• **Exercise**:
Transcribe exactly, leaving out pictures, the lines from the one that holds "single use plastic phase out timeline DOE" through the end of the data below, including both end lines and no others.

• **Provided data**:

__________________________________________________

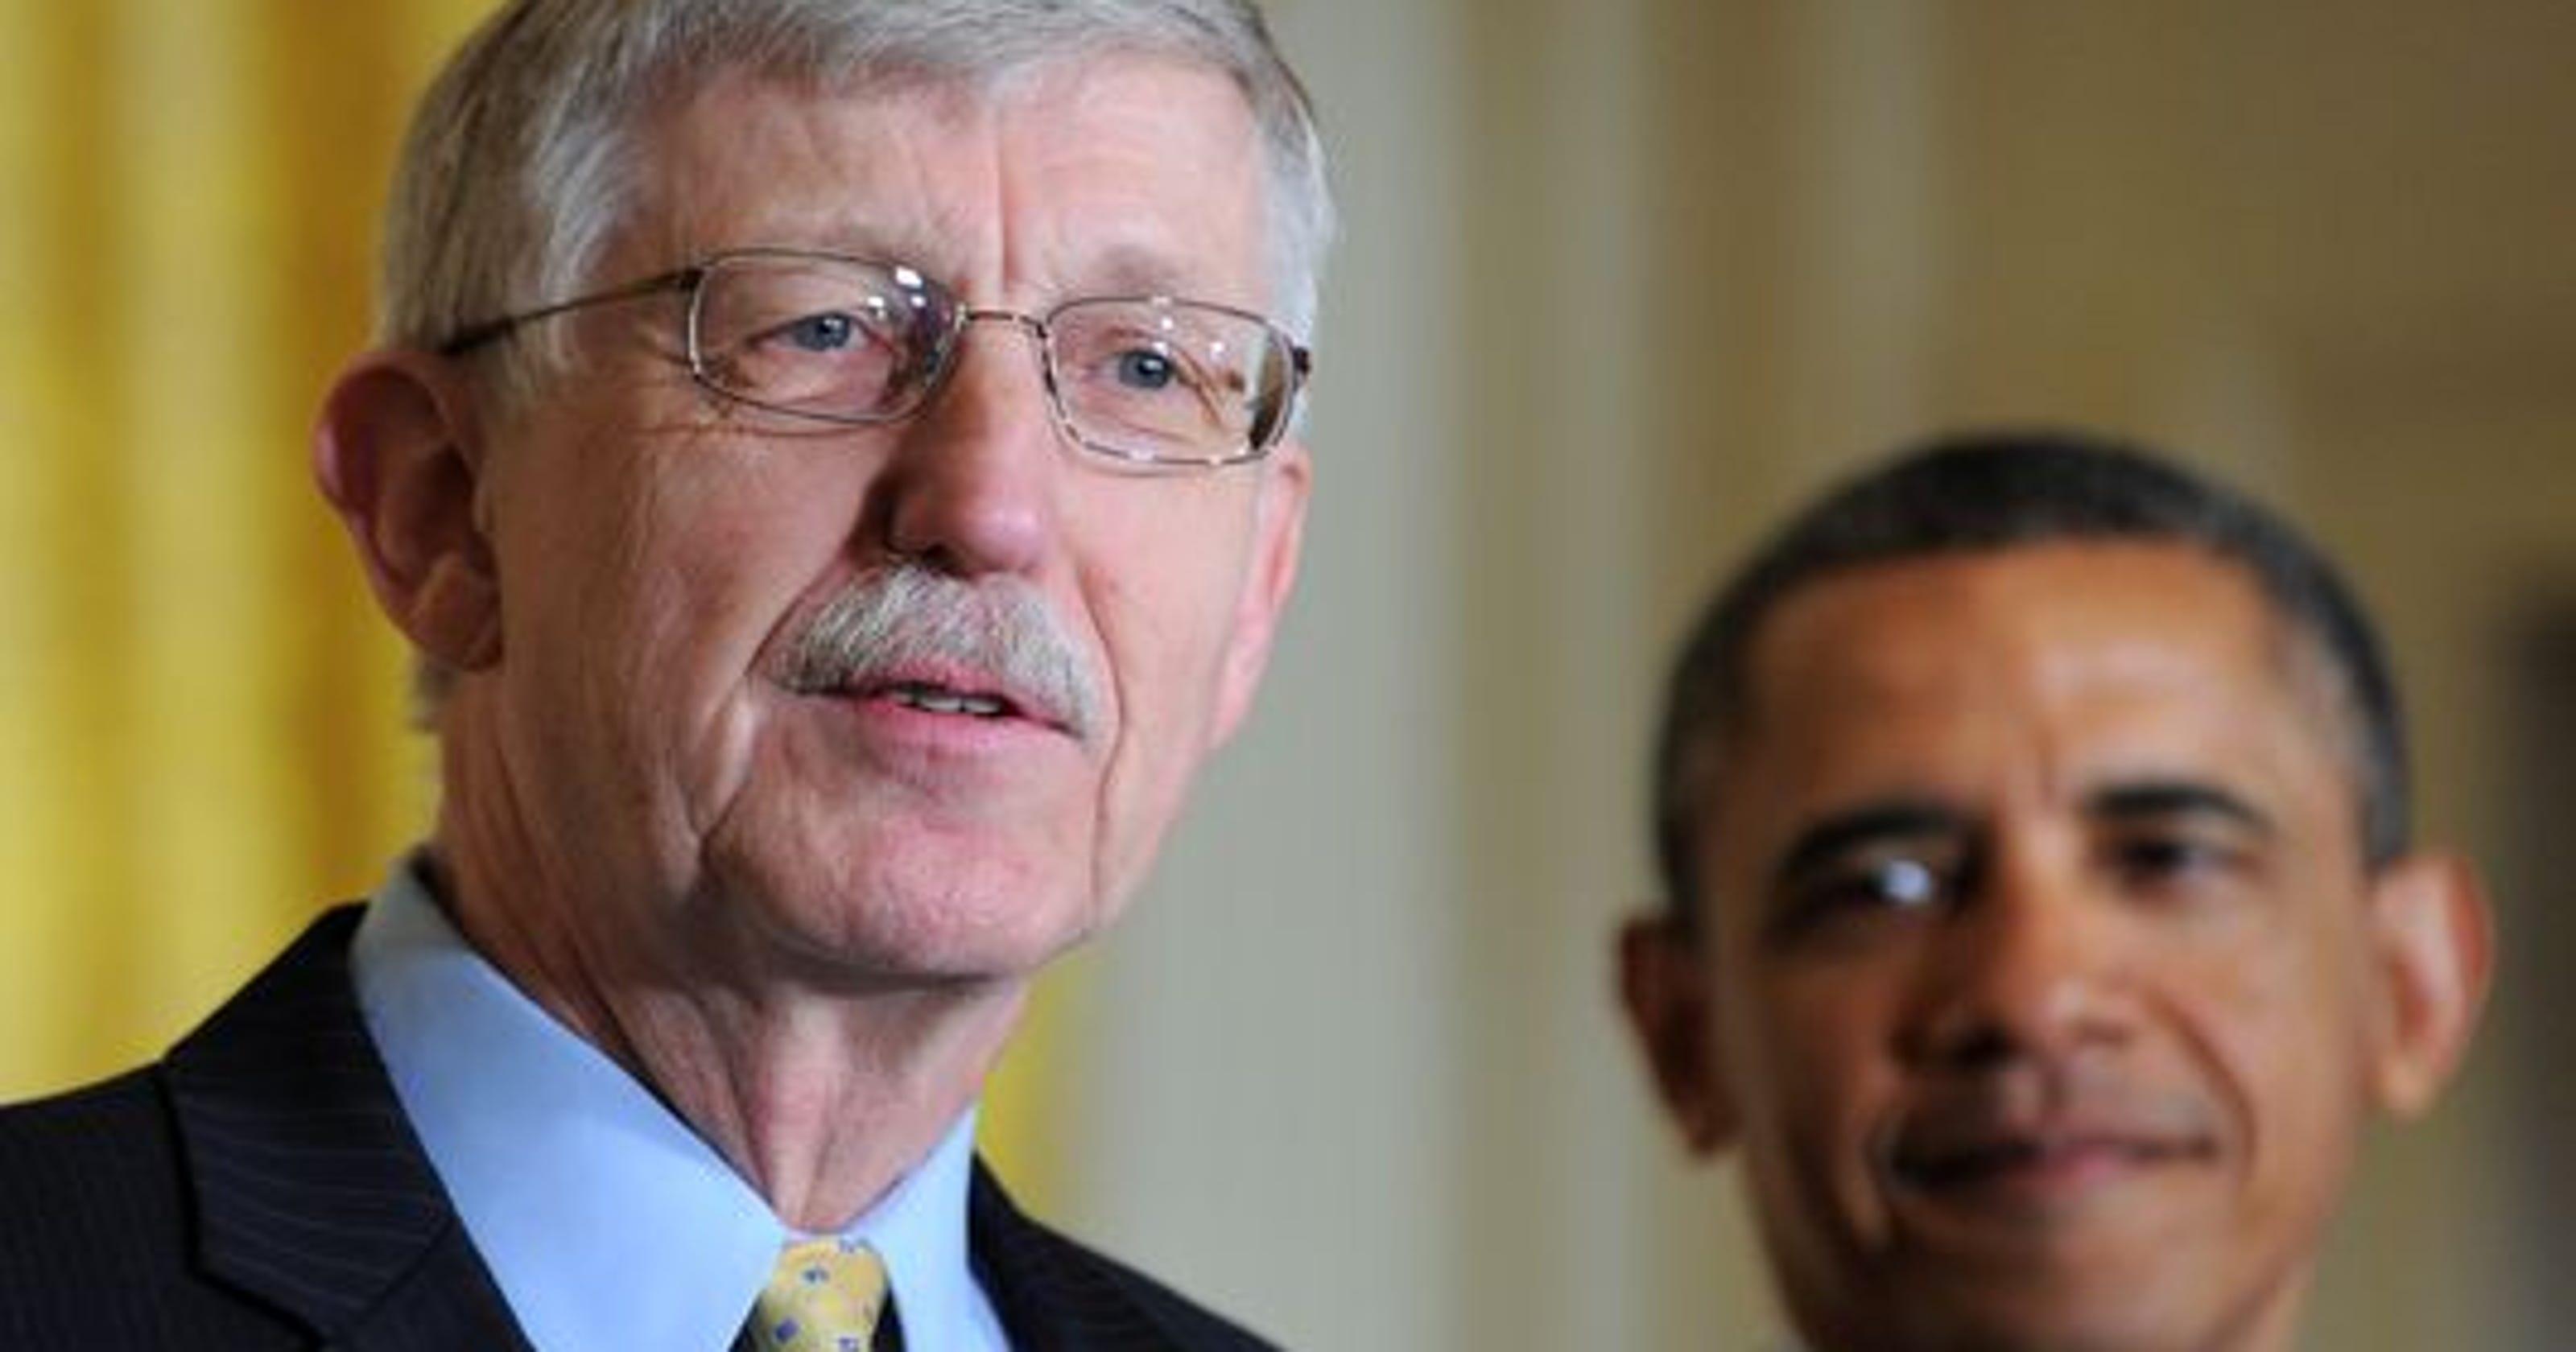 NIH director on legalizing marijuana: Not so fast
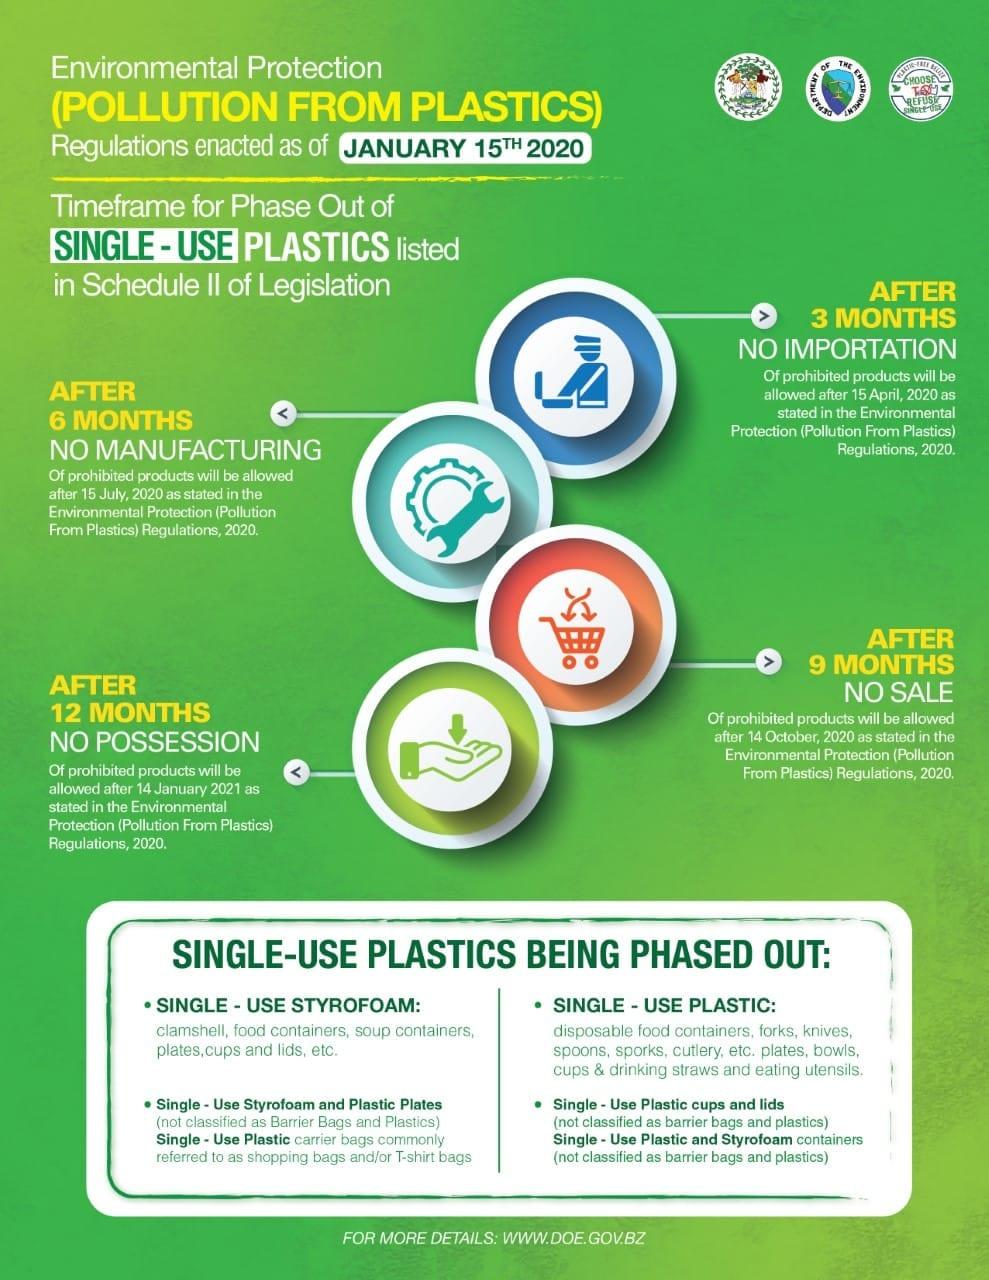 single use plastic phase out timeline DOE
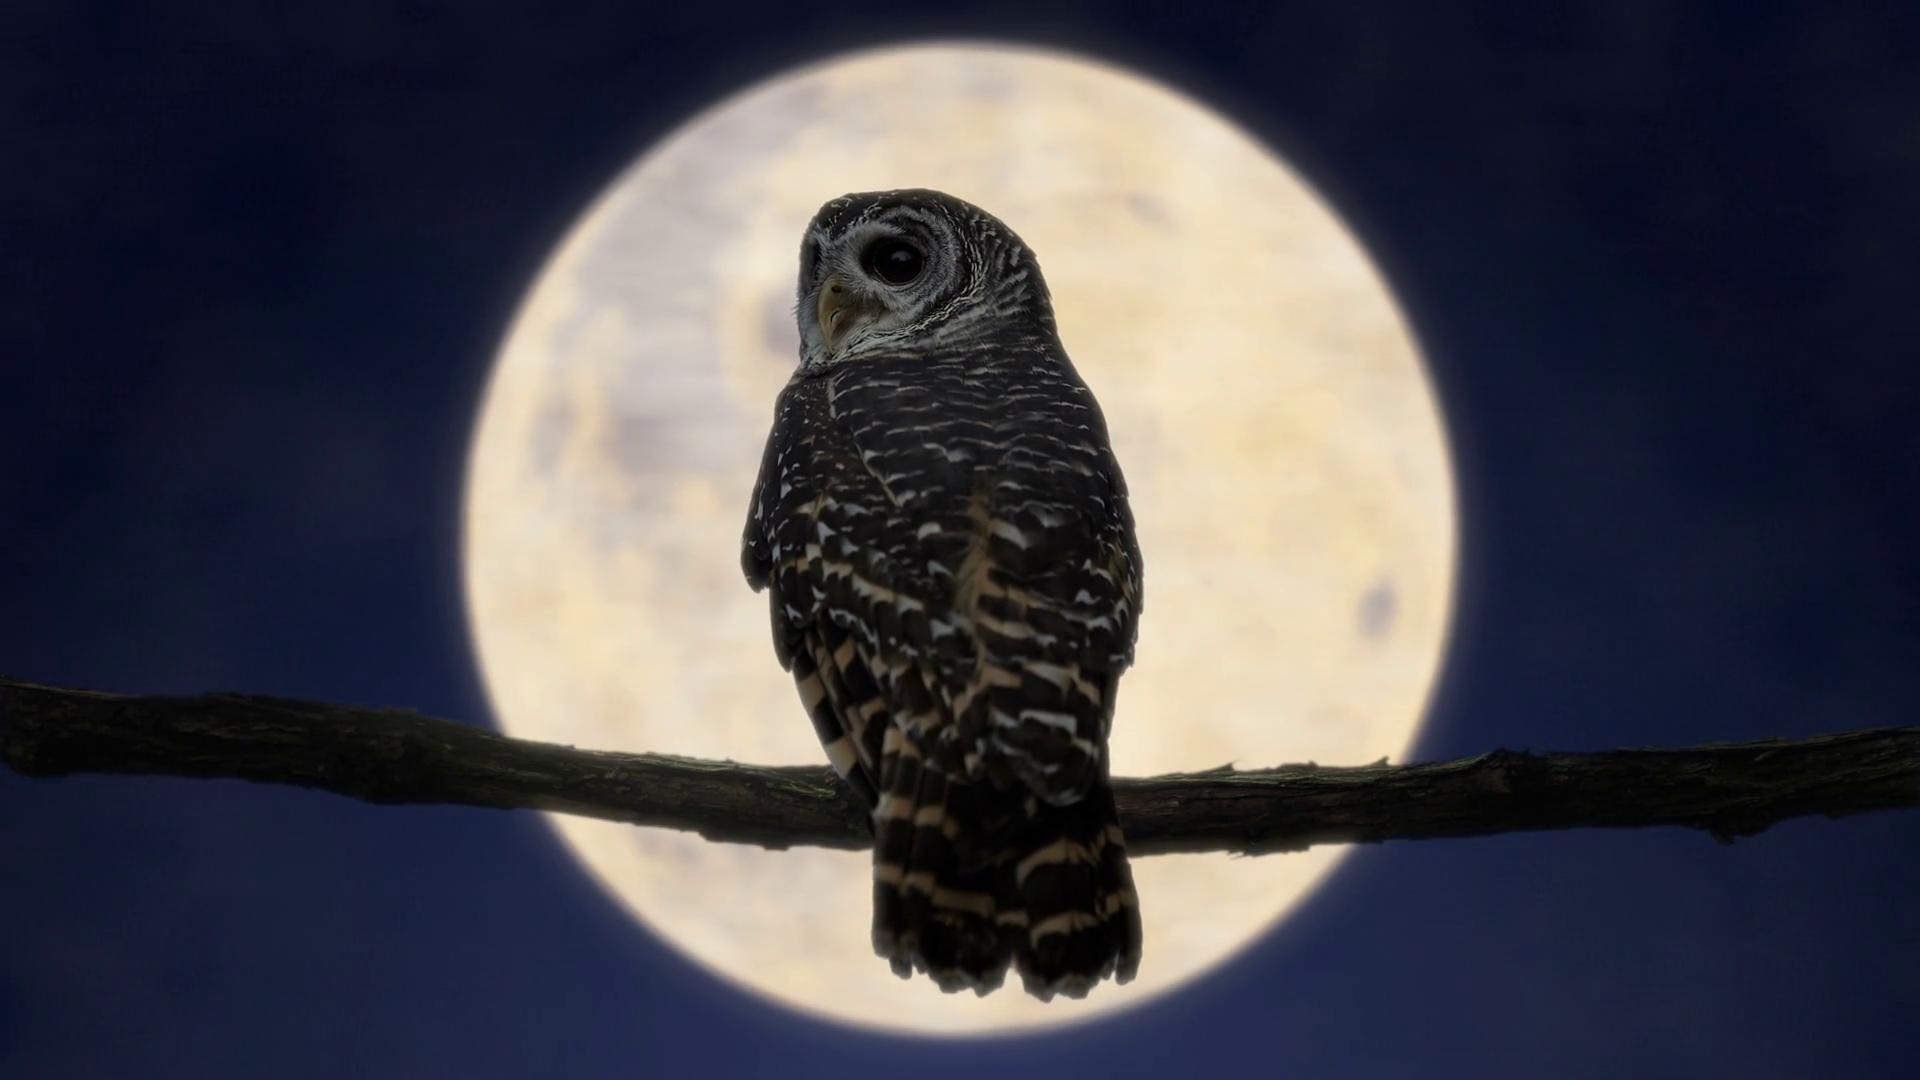 giới thiệu - owlvietnam

__________________________________________________

• **Answer section**:
 single use plastic phase out timeline DOE
 giới thiệu - owlvietnam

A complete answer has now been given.